Assignment: From the first line to the last, copy the data exactly and drop the pictures.

Data below:
BEGIN
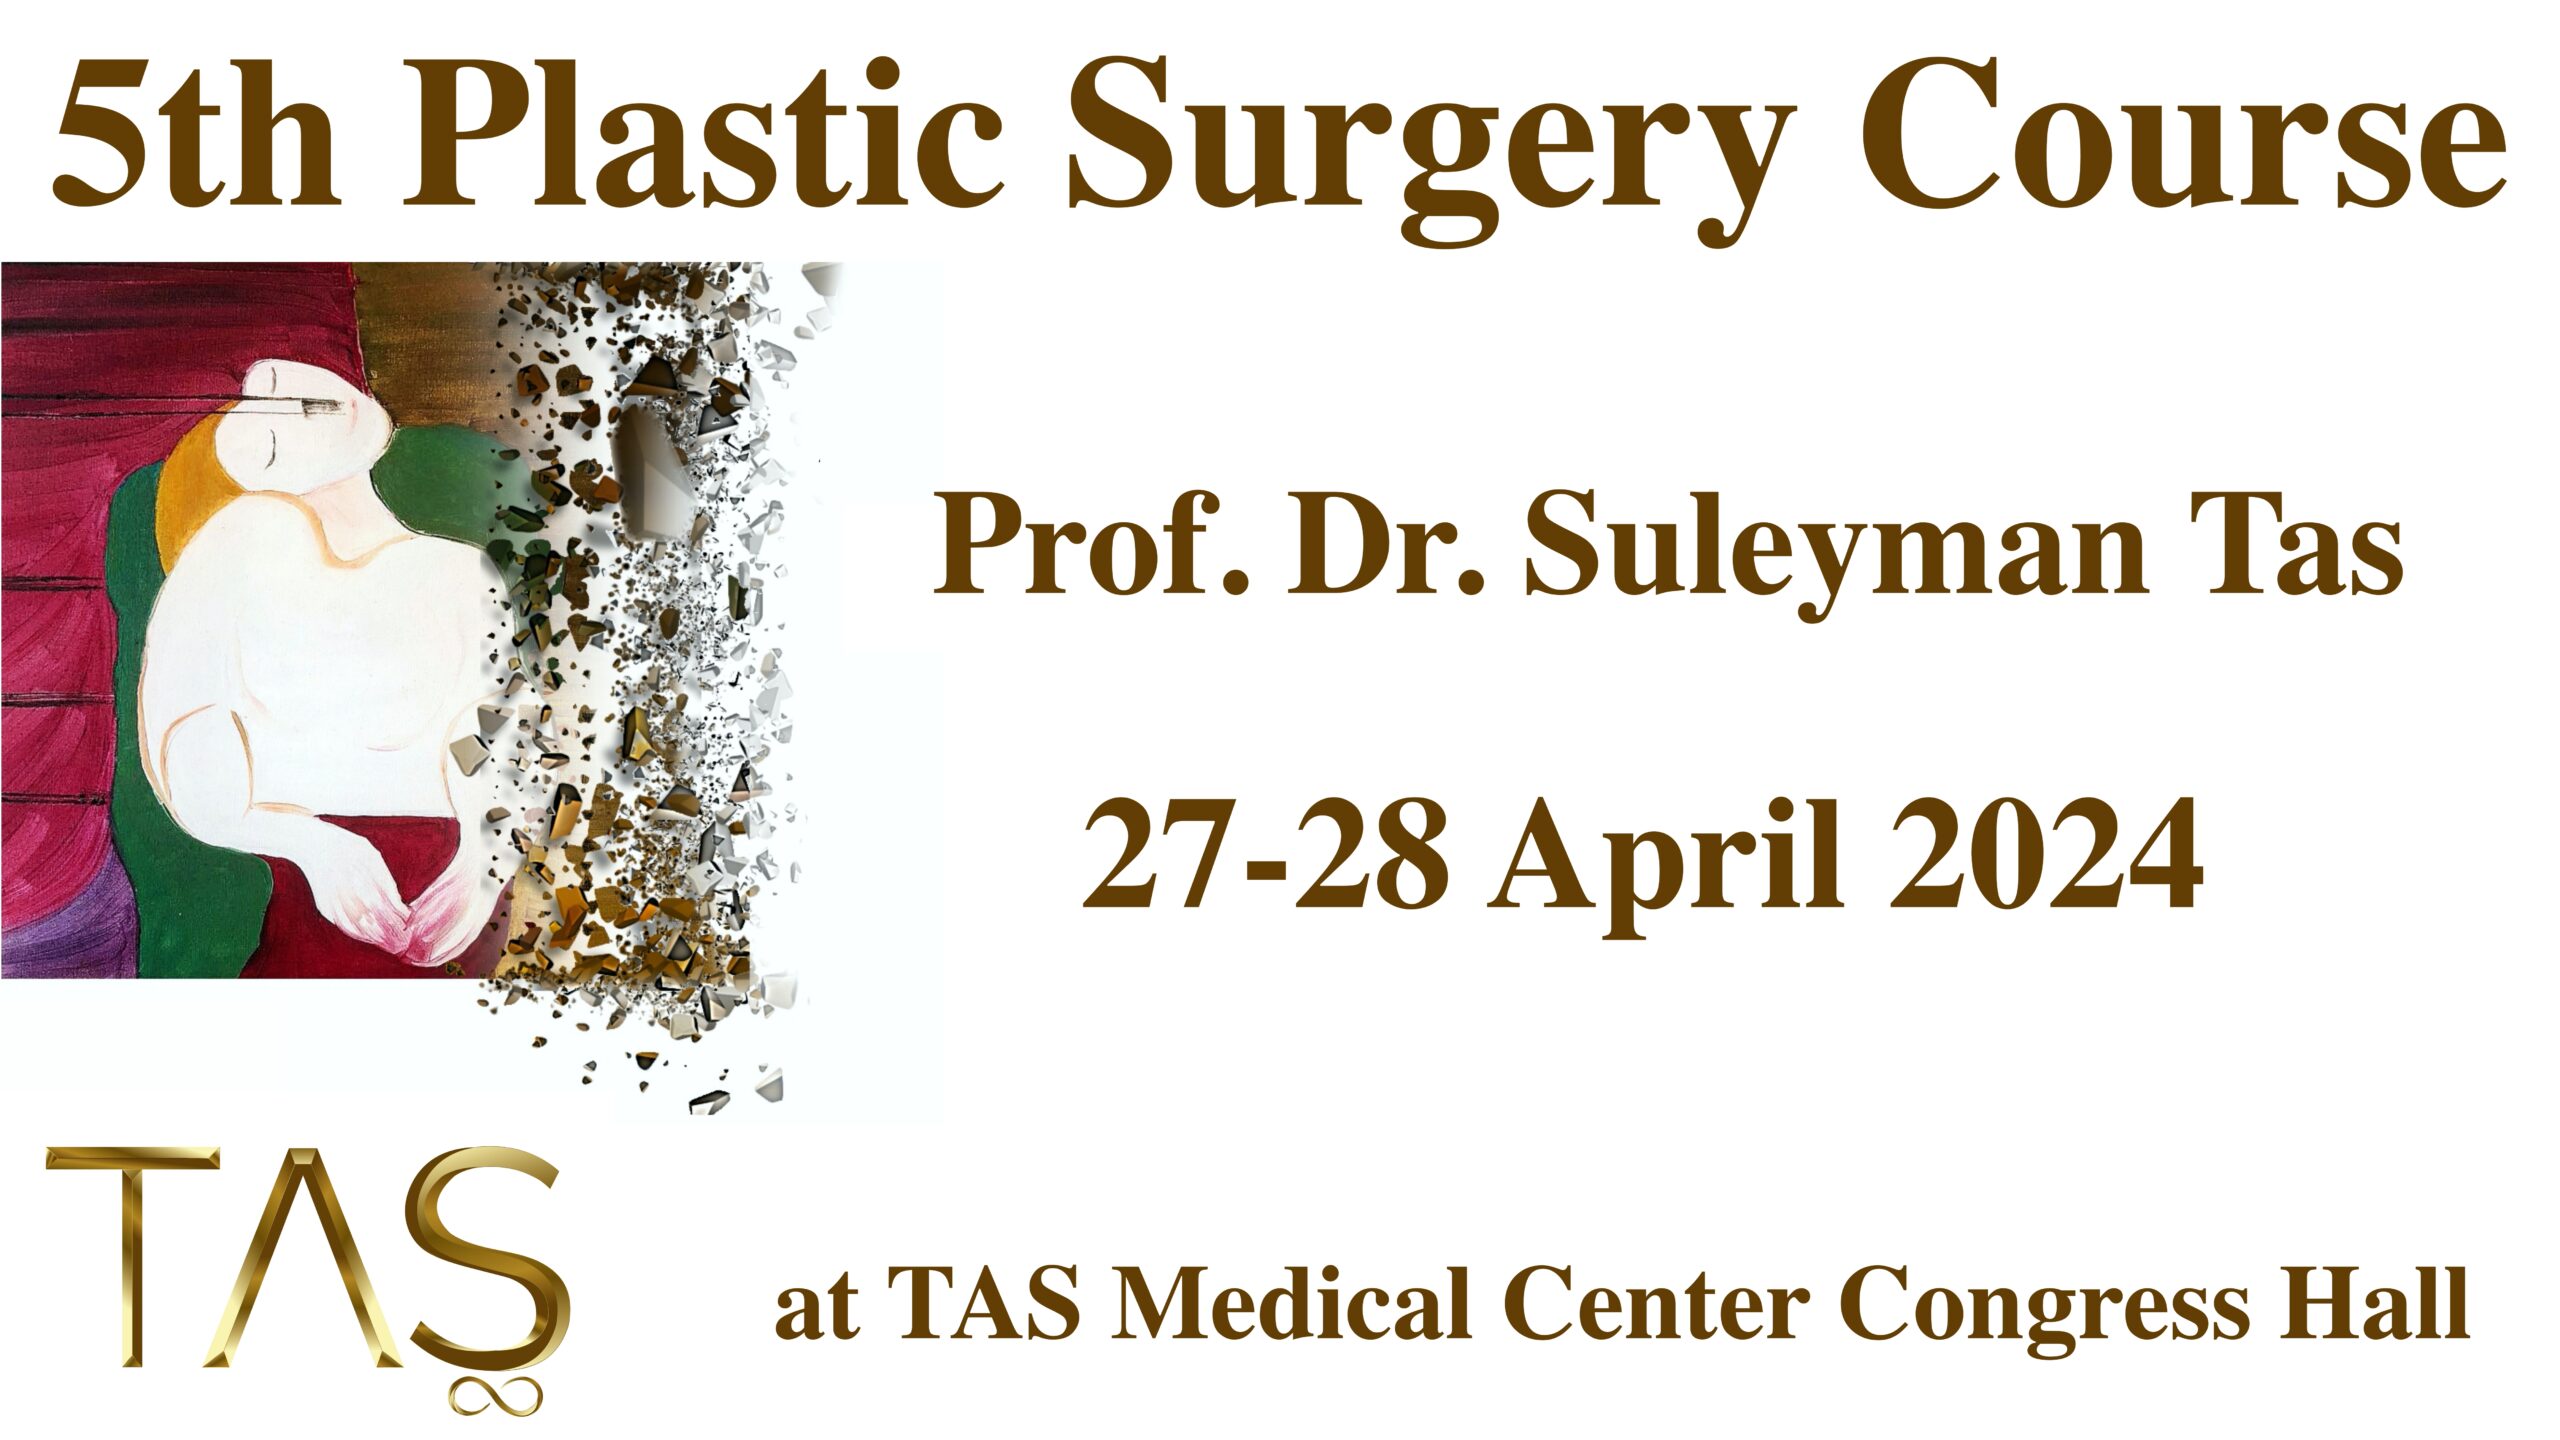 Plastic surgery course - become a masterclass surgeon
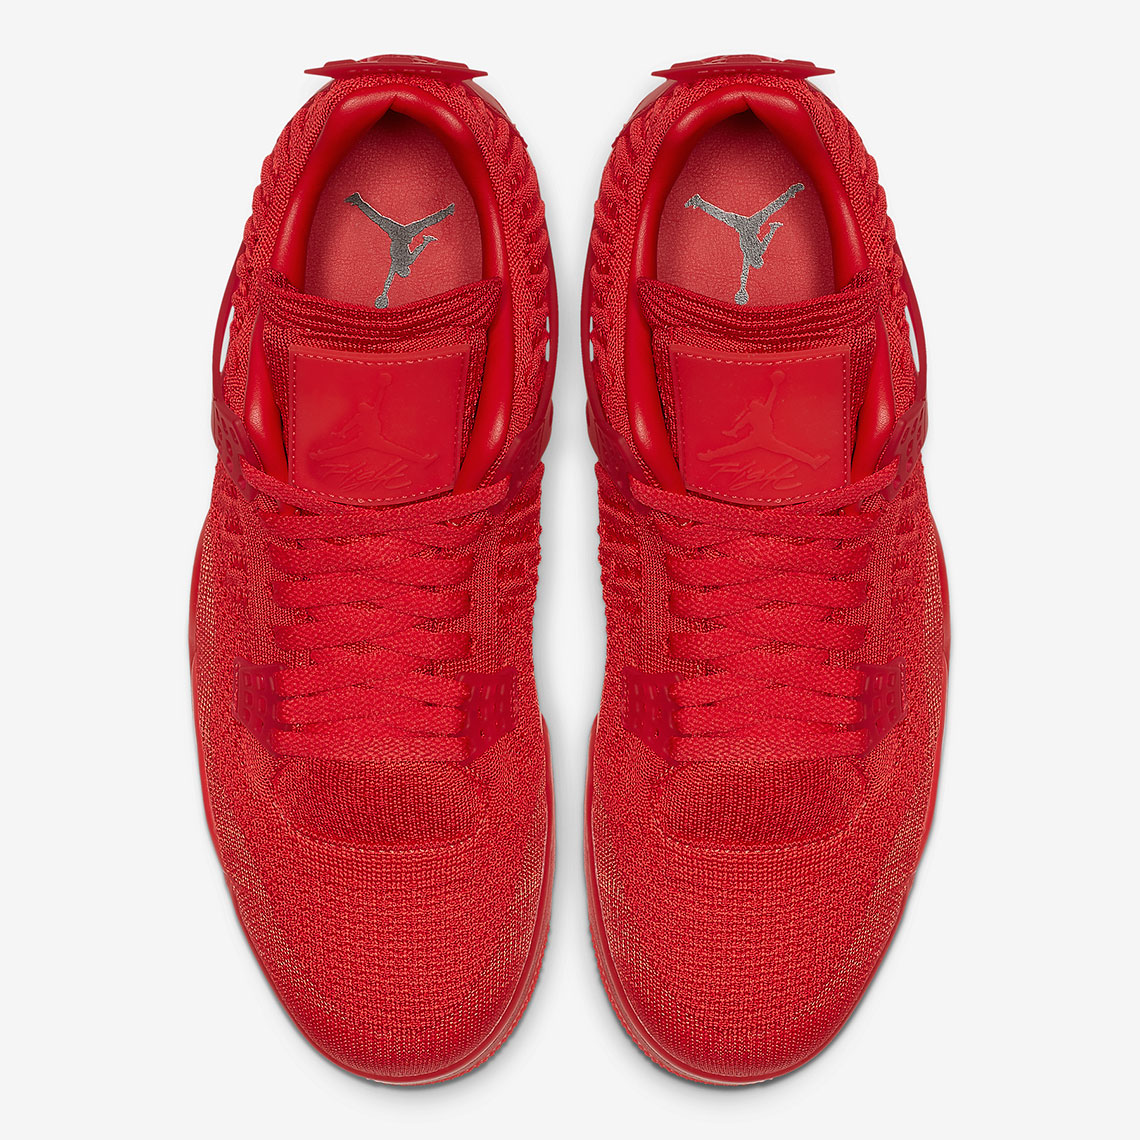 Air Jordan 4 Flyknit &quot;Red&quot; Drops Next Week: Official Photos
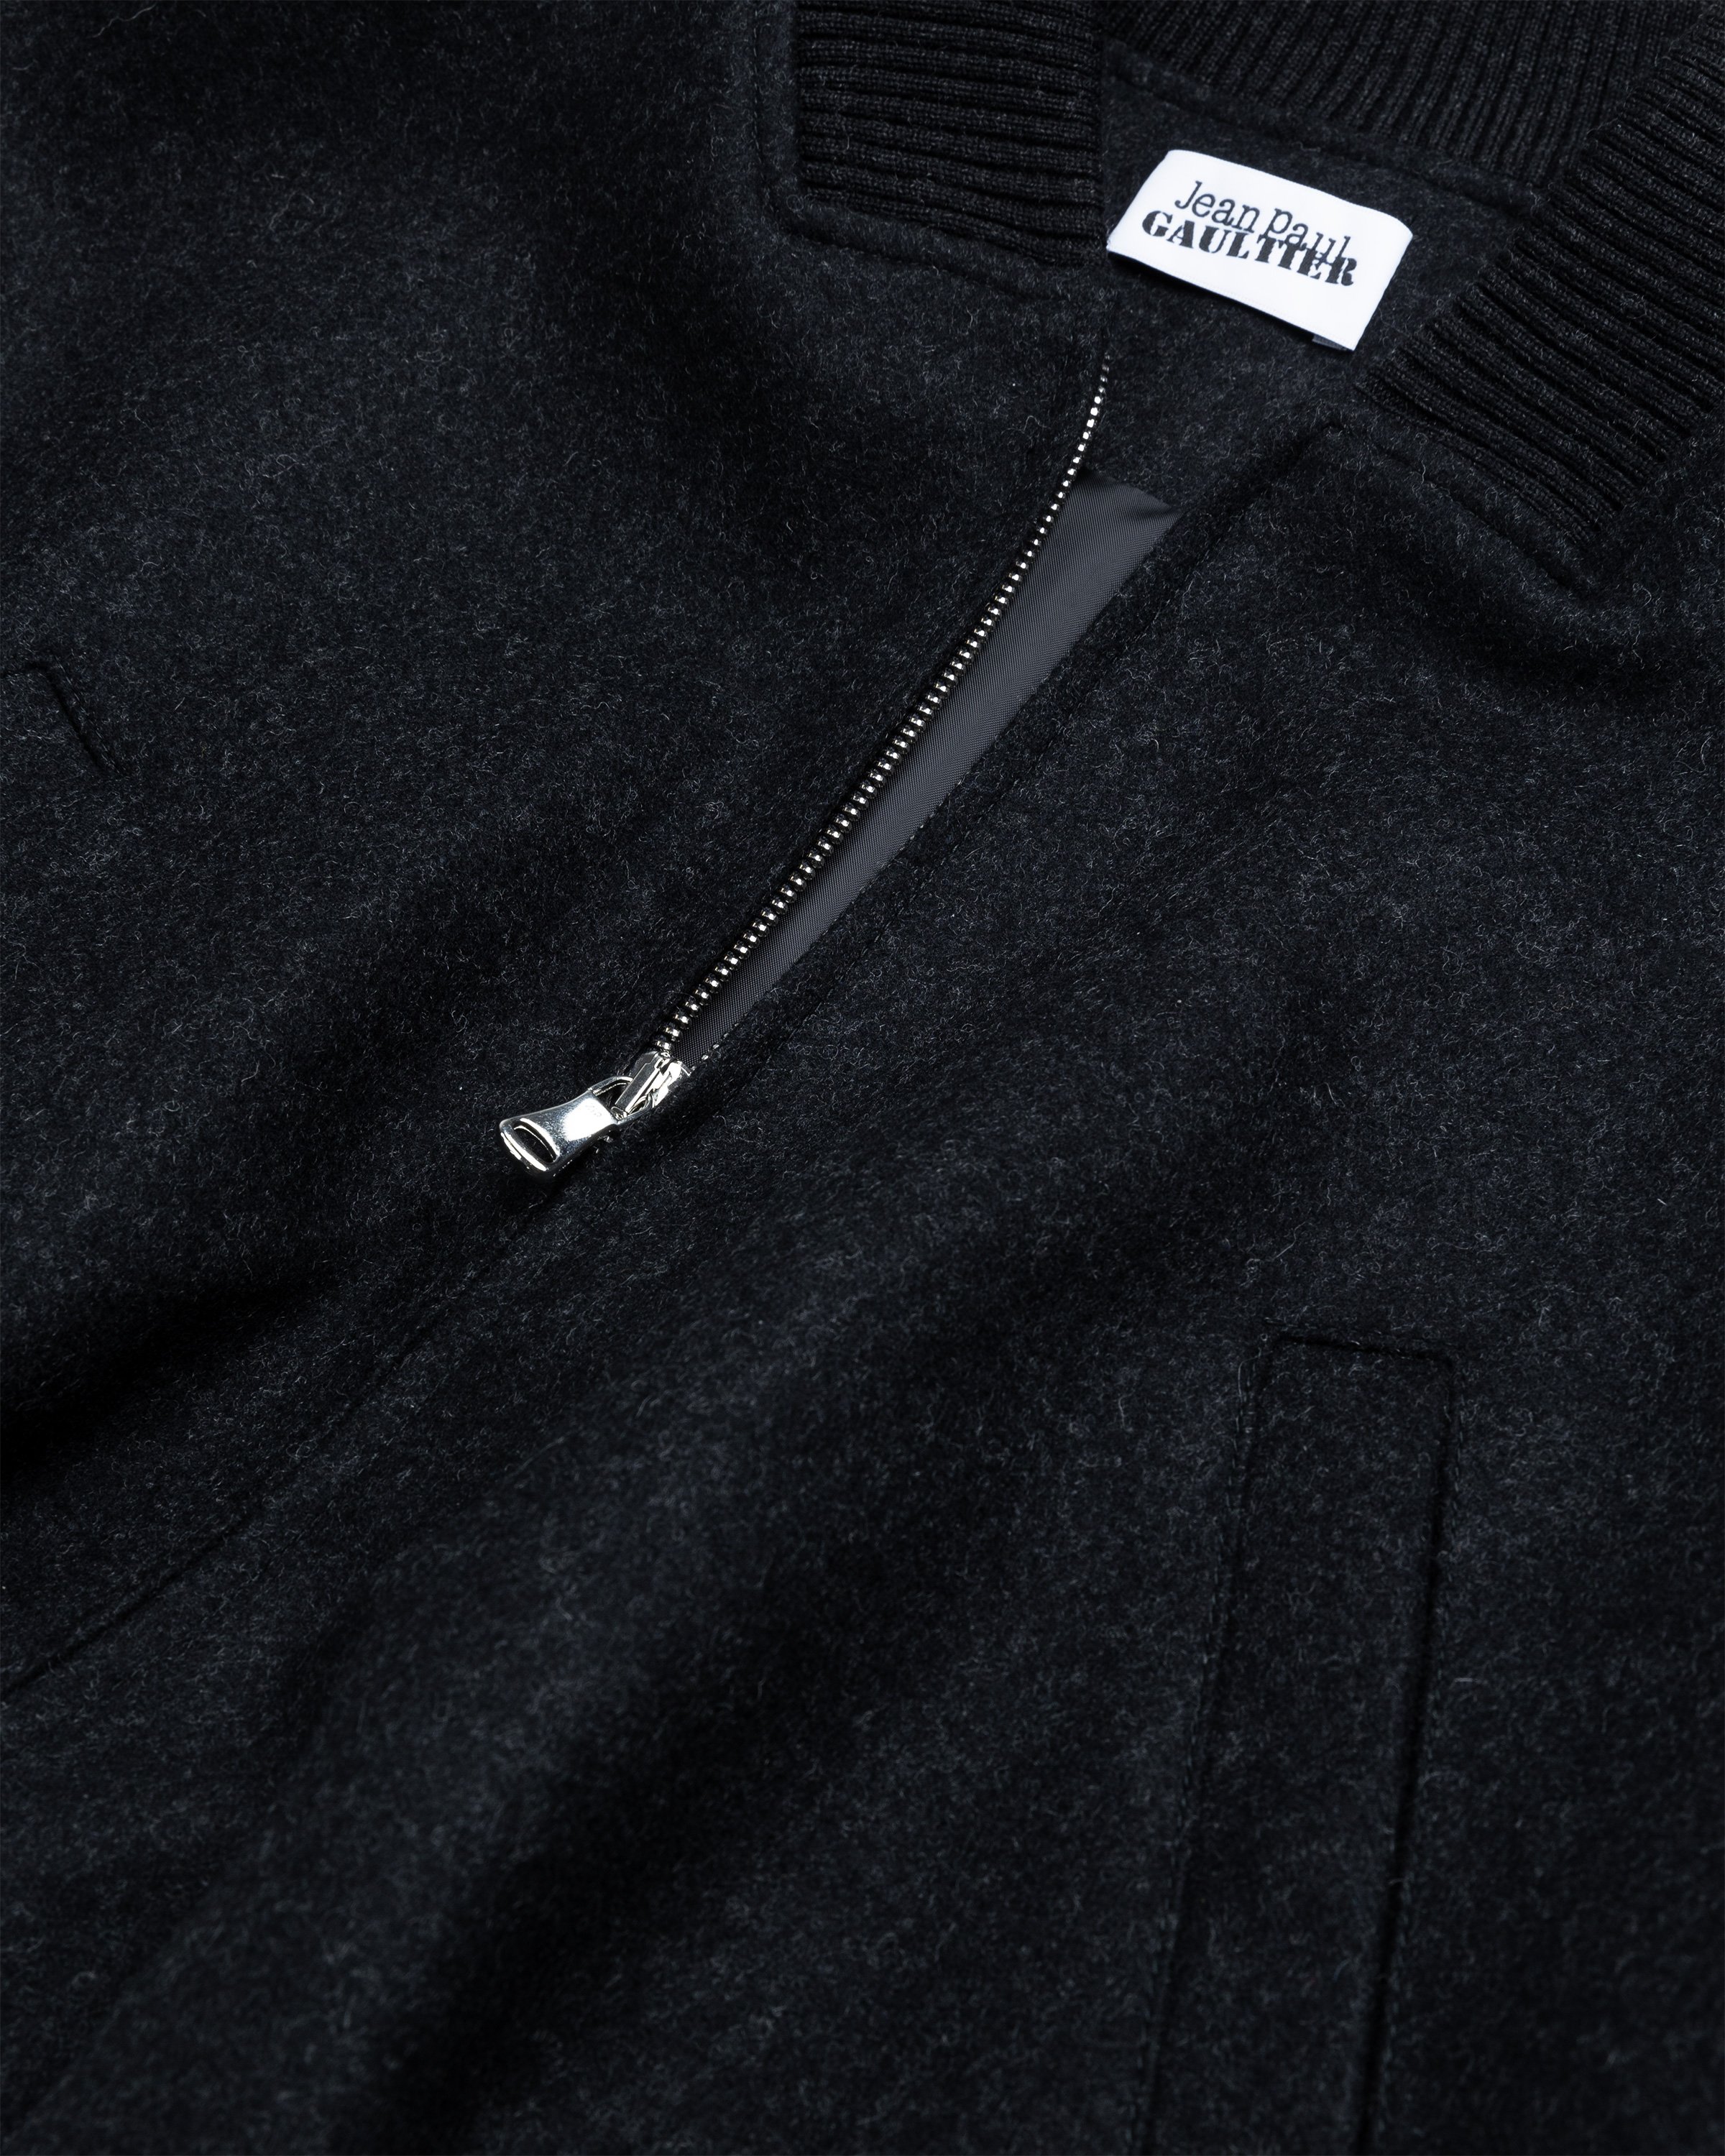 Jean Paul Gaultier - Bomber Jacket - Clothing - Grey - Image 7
END
Answer to this problem:
 Plastic surgery course - become a masterclass surgeon
 Air Jordan 4 Flyknit &quot;Red&quot; Drops Next Week: Official Photos
 Jean Paul Gaultier - Bomber Jacket - Clothing - Grey - Image 7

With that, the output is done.